Rosário dos dias no Colégio do Cajuru

"Colégio do Cajuru": O nome oficial era Colégio Nossa Senhora de Lourdes, mas o nome do bairro acabou identificando a instituição – era o "Colégio do Cajuru". Por quase um século sob cuidados das irmãs de São José de Chamberry, de origem francesa, o local atendia em regime de externato, semi-internato e internato.

Passaram por ali a escritora Edla Van Steen, a primeira dama Flora Munhoz da Rocha, a escritora Maria Tereza Brito de Lacerda, para citar três expoentes. De 1907, quando iniciou, aos anos 1960, a francesa Eugénie Jarre, a mère Julia, esteve à frente do colégio, imprimindo sua marca em gerações de mulheres paranaenses.

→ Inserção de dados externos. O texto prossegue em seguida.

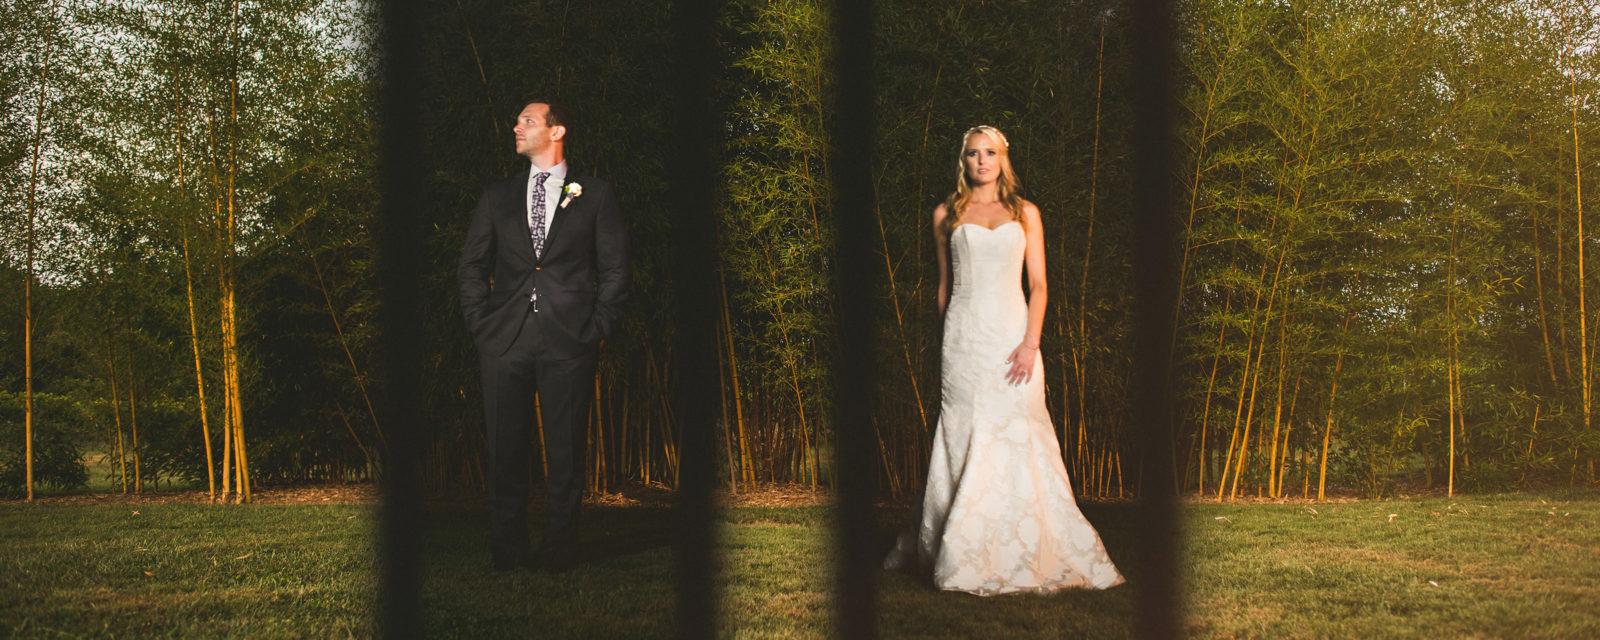 oliver + kathryn // keswick winery weddings

O prédio, imponente, no alto da Avenida Capanema, está hoje aos cuidados do Colégio Bom Jesus, e mantém o nome "Lourdes". Em tempos idos, três ônibus – em cores diferentes, para marcar a região da cidade em que circulavam – enfrentavam a distância para chegar até o local, em estrada de chão. "Sacolejava bastante", dizem as ex-alunas. Do portão para dentro, era como estar na França. Ao cruzar com as freiras, ouviam "bon jour ma petite", ao que deveriam responder "bon jour ma soeur".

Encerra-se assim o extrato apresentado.